▶ Data block
□ □ □ □ □

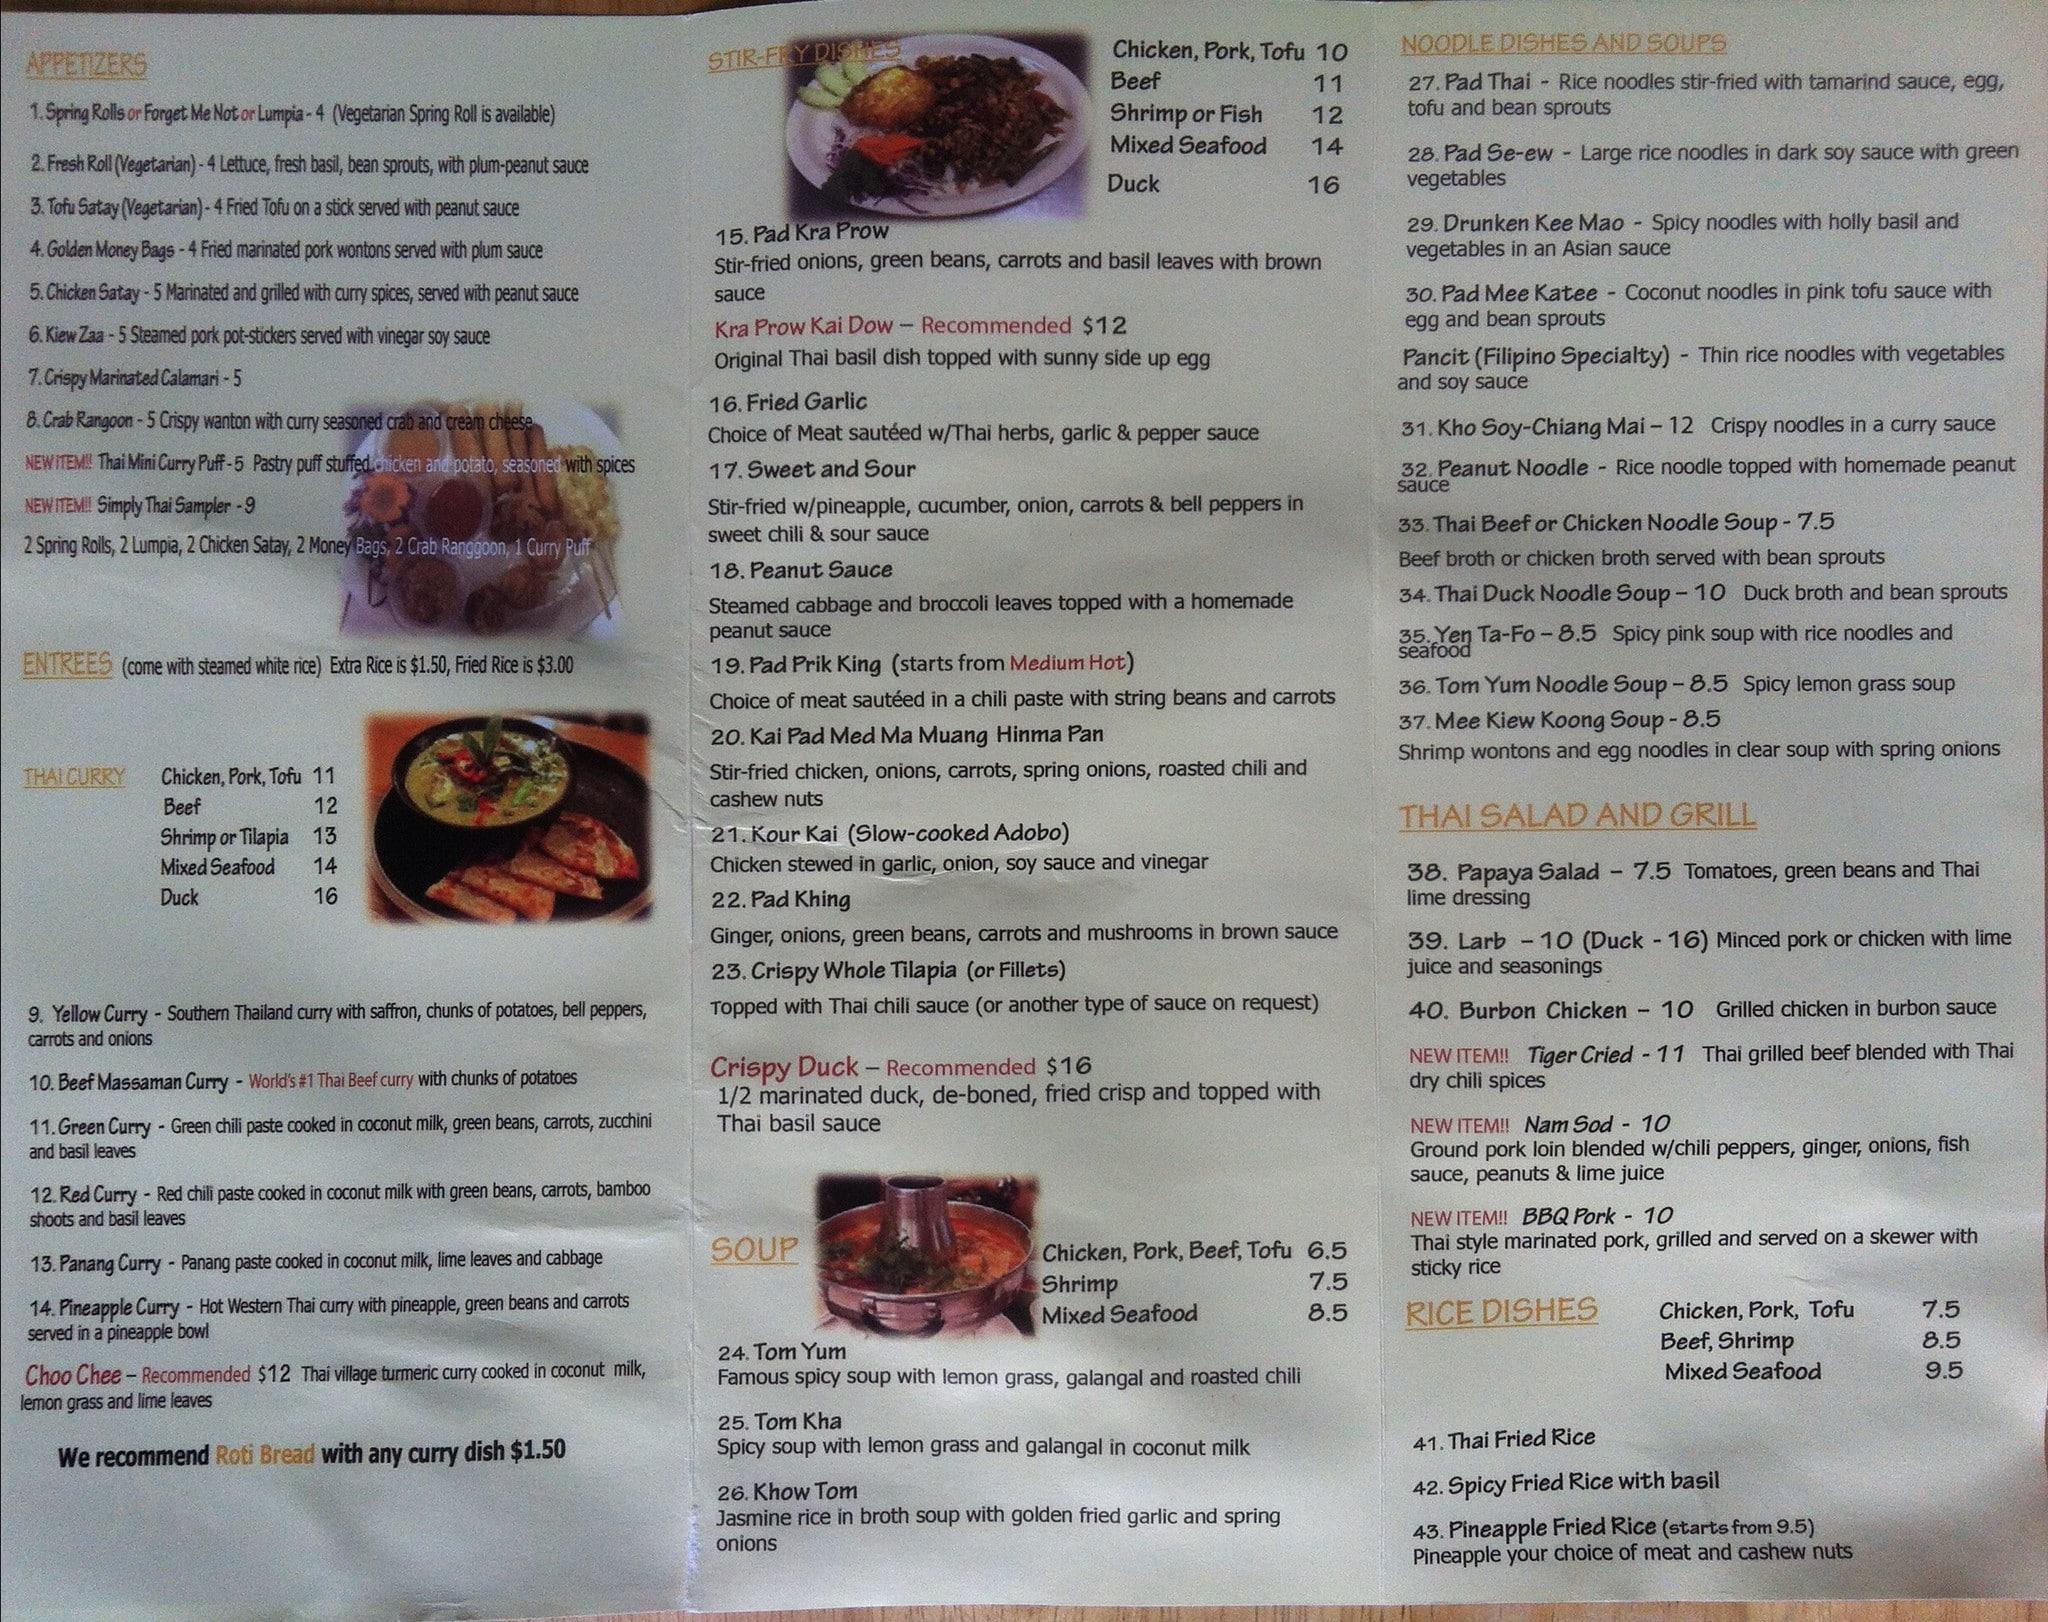 Simply Tasty Thai Menu, Menu for Simply Tasty Thai, Atlantic
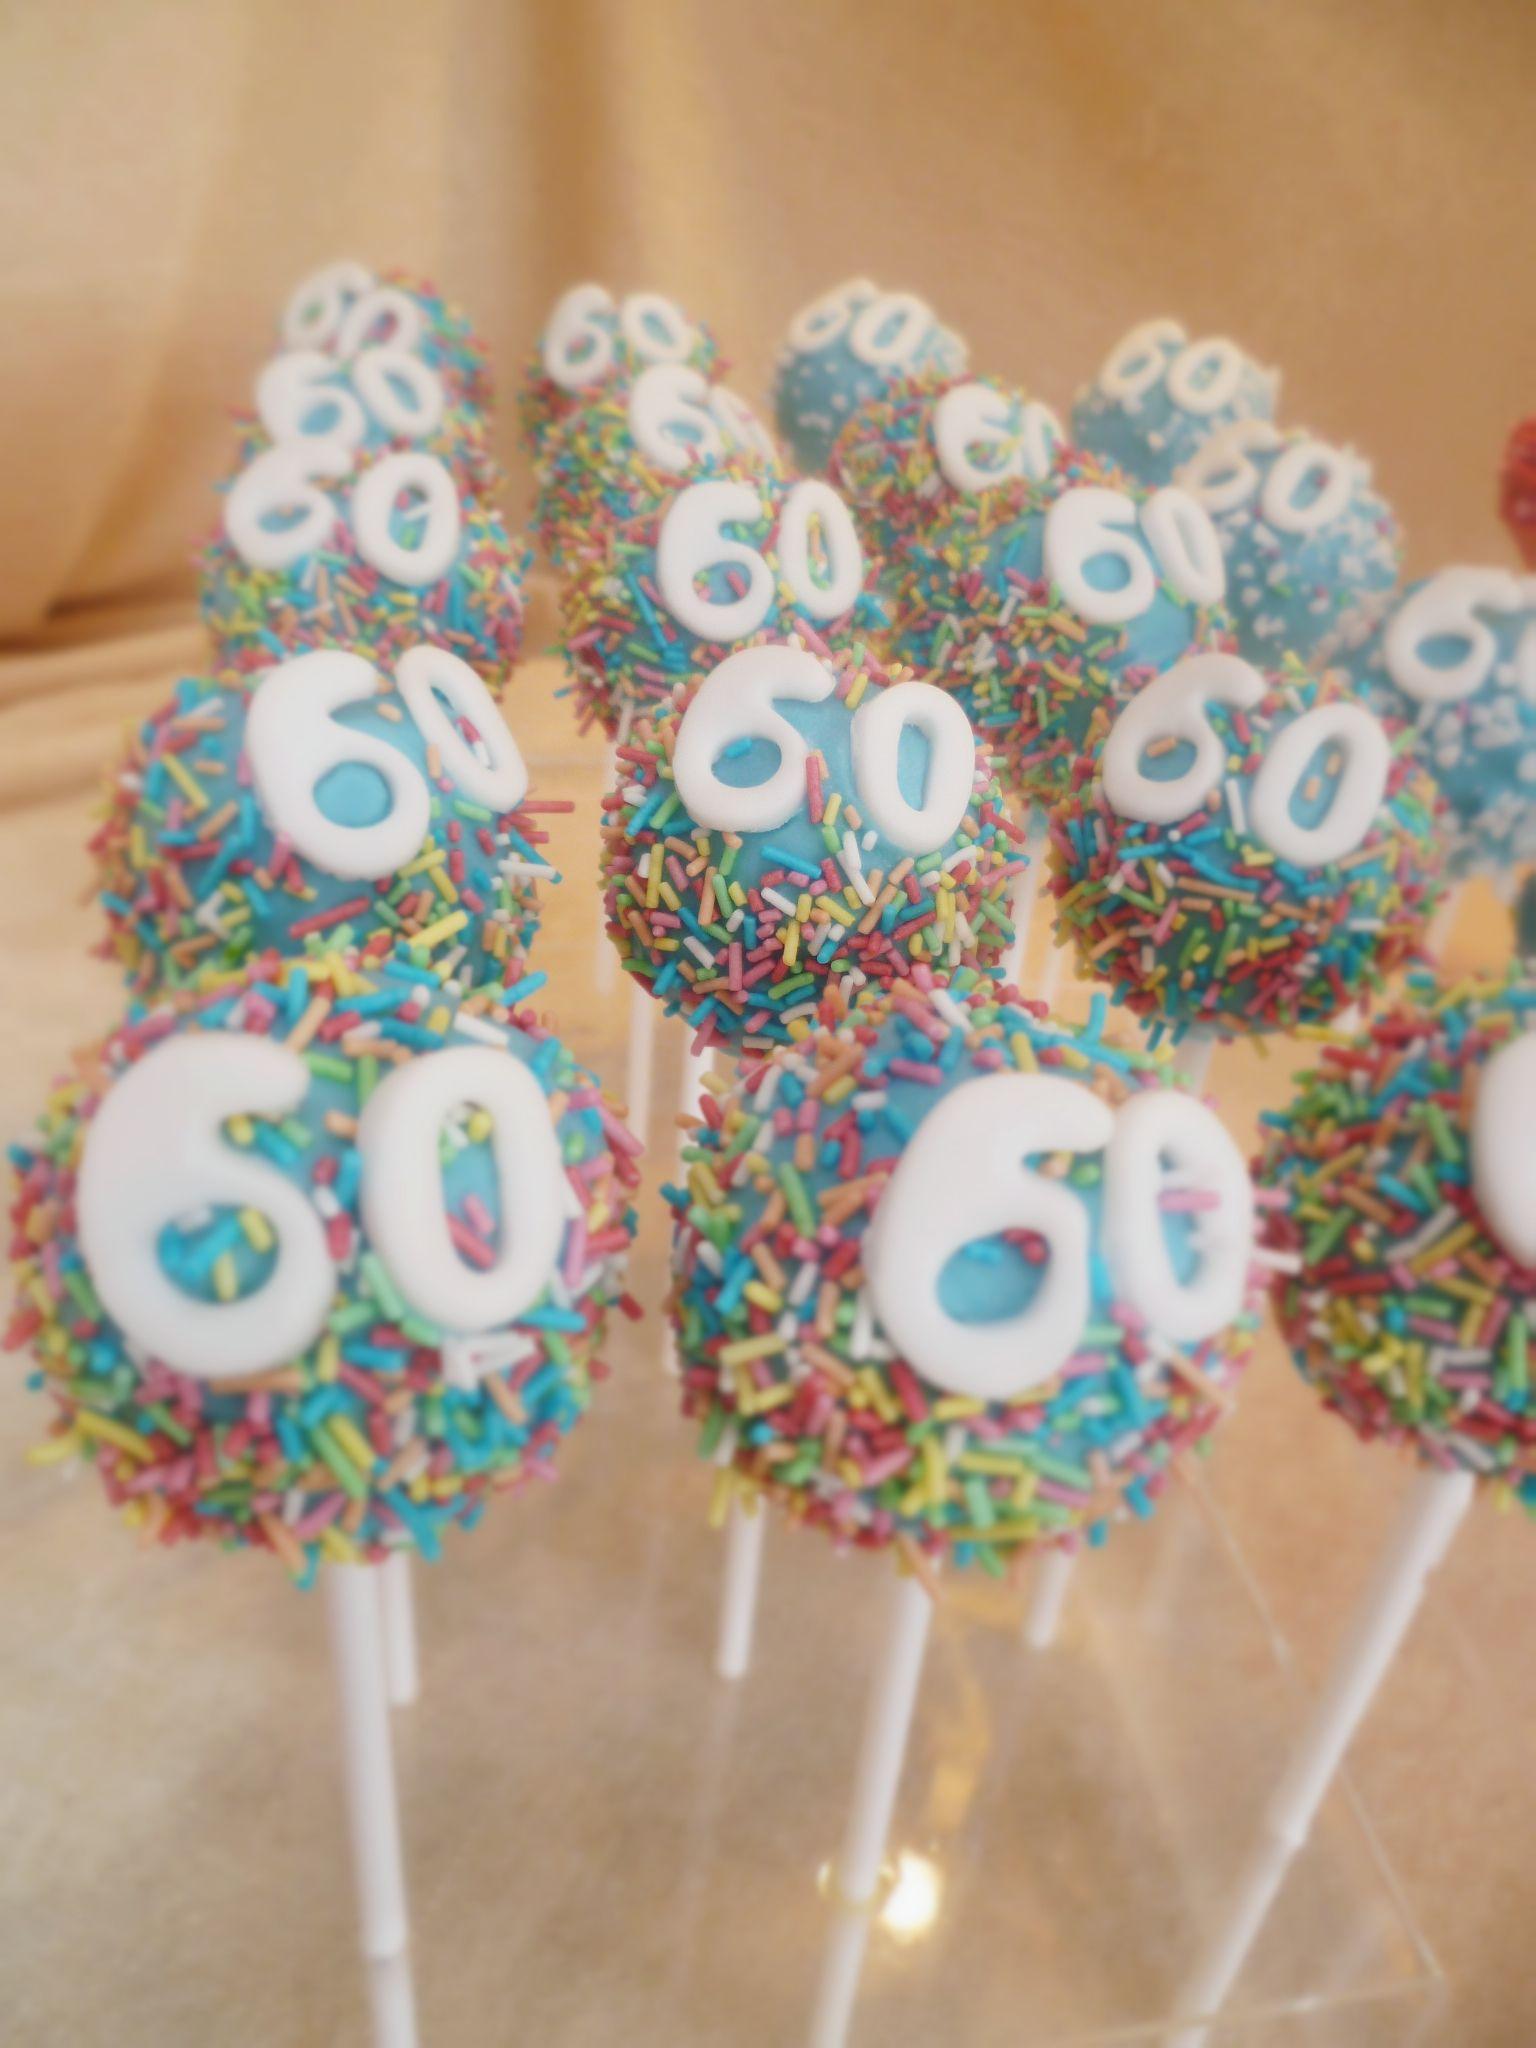 60th Birthday Cake Pops Make That Birthday A Bit More
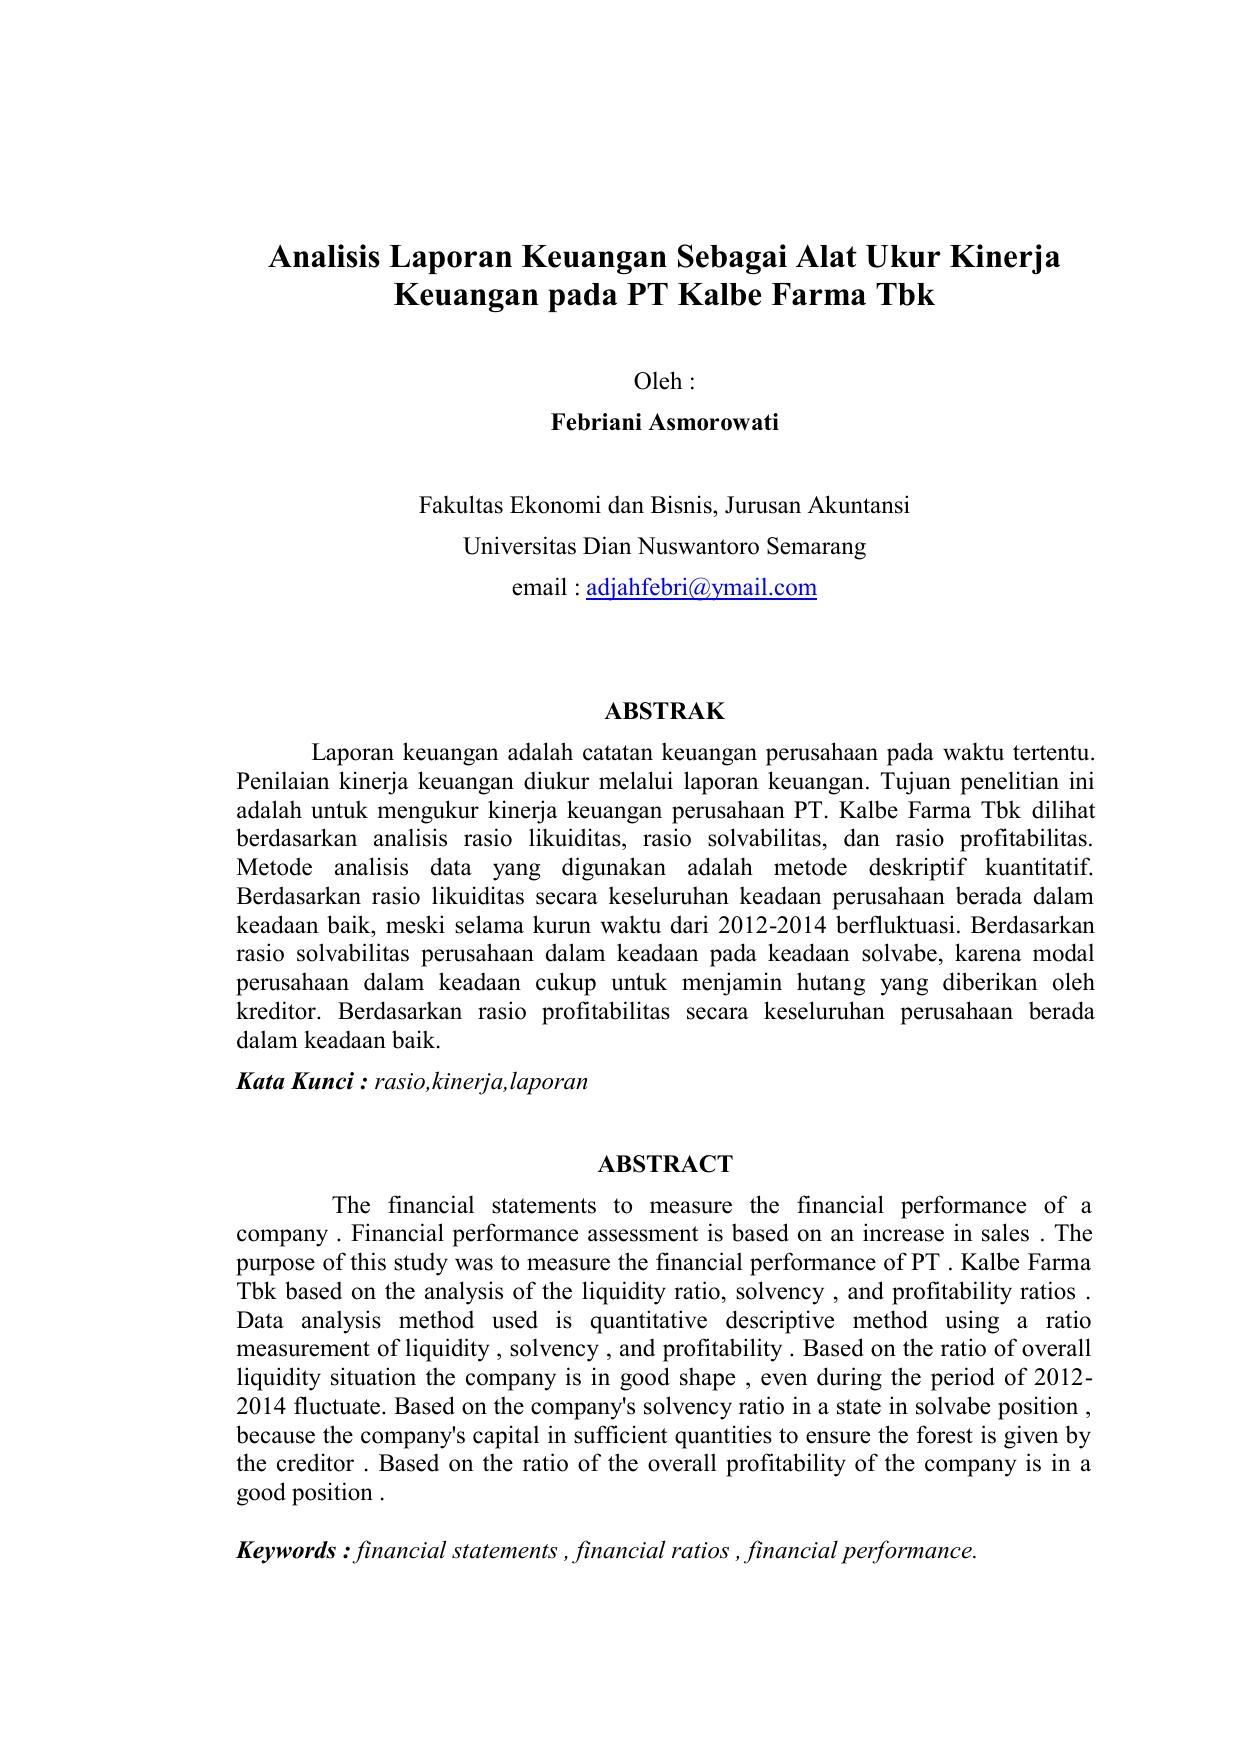 Analisis Laporan Keuangan Sebagai Alat Ukur Kinerja Keuangan

□ □ □ □ □

▶ Problem description
What you hand back should match the listing exactly, except that no pictures appear.

▶ Output below
 Simply Tasty Thai Menu, Menu for Simply Tasty Thai, Atlantic
 60th Birthday Cake Pops Make That Birthday A Bit More
 Analisis Laporan Keuangan Sebagai Alat Ukur Kinerja Keuangan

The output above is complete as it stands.